P. S. Хотя распределение комнат бесспорно входит в мои права и обязанности, я на этот раз слагаю их с себя. Хочу только, чтобы пану поместили в комнаты милорда Эдуарда, поскольку там висят географические карты. И пусть уж в этих покоях окончательно завесят картами все стены сверху донизу.

ПИСЬМО VI

От г-жи де Вольмар

С каким отрадным чувством берусь я за это письмо! Впервые в жизни я могу писать вам без страха и без стыда. Я горжусь соединяющей нас дружбой, как беспримерным преображением чувства. Великую страсть можно подавить, но очень редко она обретает чистоту. Забыть то, что было дорого, когда честь того требует, — для этого нужно огромное усилие, однако благородная душа сего достигает; но после того, что меж нами было, прийти к тому, что ныне сближает нас, — вот истинное торжество добродетели. Причиной, пресекающей любовь, может оказаться порок, но причина, обращающая нежную любовь в не менее нежную дружбу, не может быть недостойной.

Да разве мы достигли бы такой победы одними своими силами! Никогда, никогда, добрый друг мой! Даже попытка была бы слишком большой смелостью с нашей стороны. Избегать друг друга — вот что было бы первой нашей обязанностью, непременным нашим долгом. Мы, конечно, всегда уважали бы друг друга, но перестали бы встречаться и переписываться; мы старались бы больше не думать о своем чувстве, и величайшей честью, которую мы оказывали бы друг другу, явился бы полный отказ от всякой близости меж нами.

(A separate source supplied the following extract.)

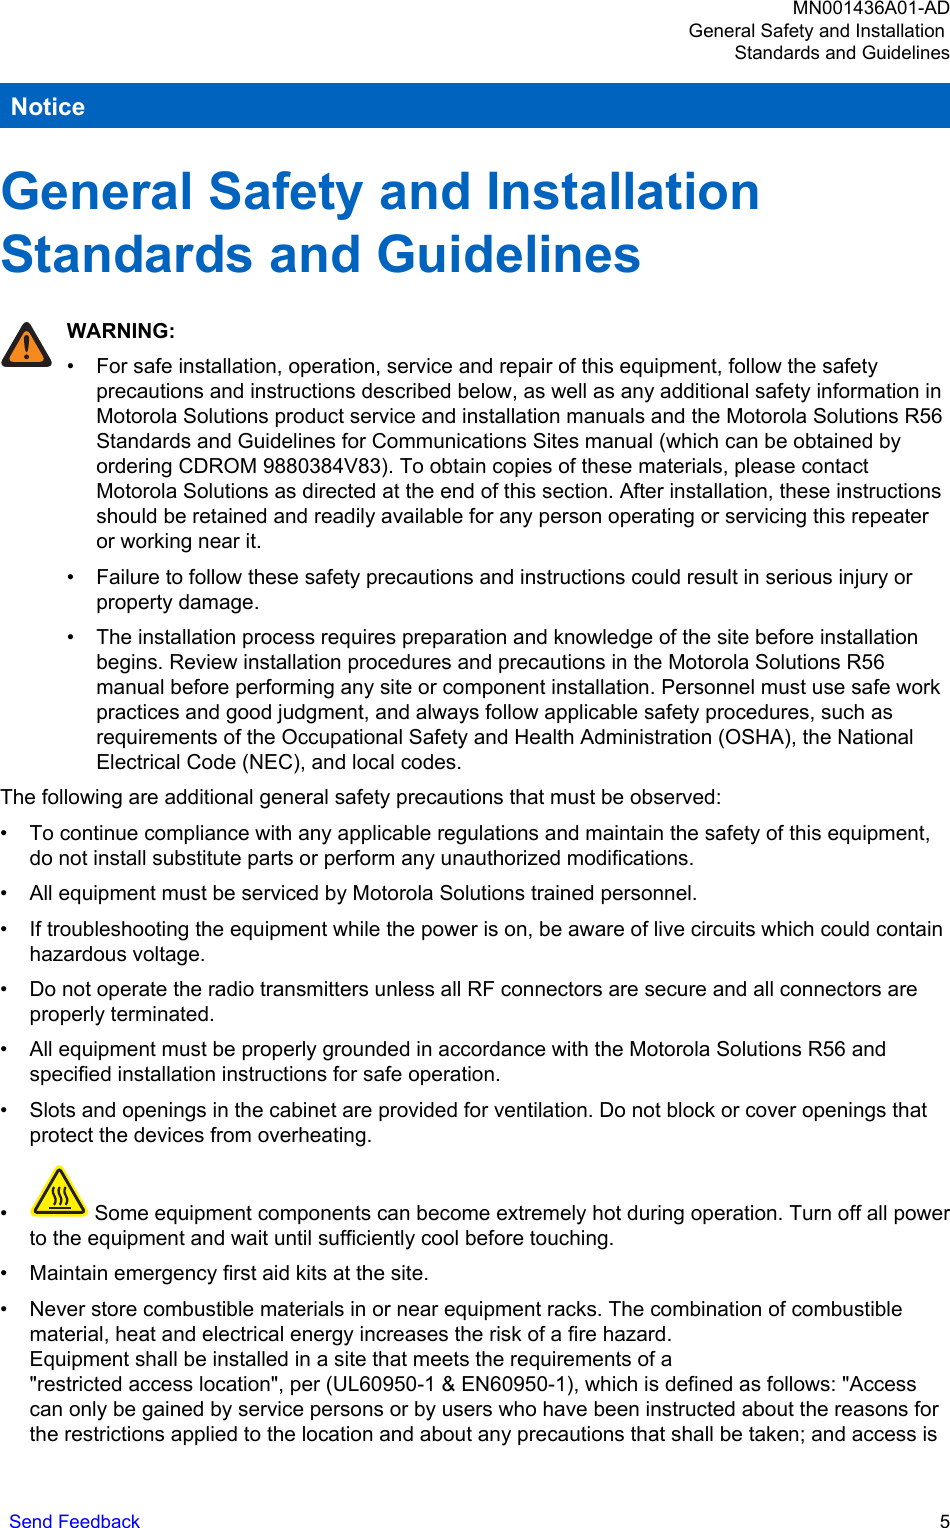 NoticeGeneral Safety and Installation Standards and GuidelinesWARNING:• For safe installation, operation, service and repair of this equipment, follow the safetyprecautions and instructions described below, as well as any additional safety information inMotorola Solutions product service and installation manuals and the Motorola Solutions R56Standards and Guidelines for Communications Sites manual (which can be obtained byordering CDROM 9880384V83). To obtain copies of these materials, please contactMotorola Solutions as directed at the end of this section. After installation, these instructionsshould be retained and readily available for any person operating or servicing this repeateror working near it.• Failure to follow these safety precautions and instructions could result in serious injury orproperty damage.• The installation process requires preparation and knowledge of the site before installationbegins. Review installation procedures and precautions in the Motorola Solutions R56manual before performing any site or component installation. Personnel must use safe workpractices and good judgment, and always follow applicable safety procedures, such asrequirements of the Occupational Safety and Health Administration (OSHA), the NationalElectrical Code (NEC), and local codes.The following are additional general safety precautions that must be observed:• To continue compliance with any applicable regulations and maintain the safety of this equipment,do not install substitute parts or perform any unauthorized modifications.• All equipment must be serviced by Motorola Solutions trained personnel.• If troubleshooting the equipment while the power is on, be aware of live circuits which could containhazardous voltage.• Do not operate the radio transmitters unless all RF connectors are secure and all connectors areproperly terminated.• All equipment must be properly grounded in accordance with the Motorola Solutions R56 andspecified installation instructions for safe operation.• Slots and openings in the cabinet are provided for ventilation. Do not block or cover openings thatprotect the devices from overheating.• Some equipment components can become extremely hot during operation. Turn off all powerto the equipment and wait until sufficiently cool before touching.• Maintain emergency first aid kits at the site.• Never store combustible materials in or near equipment racks. The combination of combustiblematerial, heat and electrical energy increases the risk of a fire hazard.Equipment shall be installed in a site that meets the requirements of a &quot;restricted access location&quot;, per (UL60950-1 &amp; EN60950-1), which is defined as follows: &quot;Accesscan only be gained by service persons or by users who have been instructed about the reasons forthe restrictions applied to the location and about any precautions that shall be taken; and access isMN001436A01-ADGeneral Safety and Installation Standards and GuidelinesSend Feedback   5

А посмотрите, как нам живется теперь? Есть ли на свете жизнь более сладостная, и разве не радуемся мы ей по тысяче раз на день, хоть и достигли сего ценою тяжелой борьбы? Постоянно видеться, любить друг друга, чувствовать свое счастье, проводить все дни вместе, в братской близости, в покое невинности, заботиться друг о друге, думать об этом без угрызений совести, иметь право говорить об этом не краснея и с гордостью смотреть на ту самую привязанность, за которую нам так долго приходилось корить себя, — вот чего мы с вами достигли. О друг! Какой славный путь мы уже прошли. Дерзнем же похвалить себя за то, что у нас хватит силы не сбиться с прямого пути и дойти до конца столь же твердой поступью, как и вначале.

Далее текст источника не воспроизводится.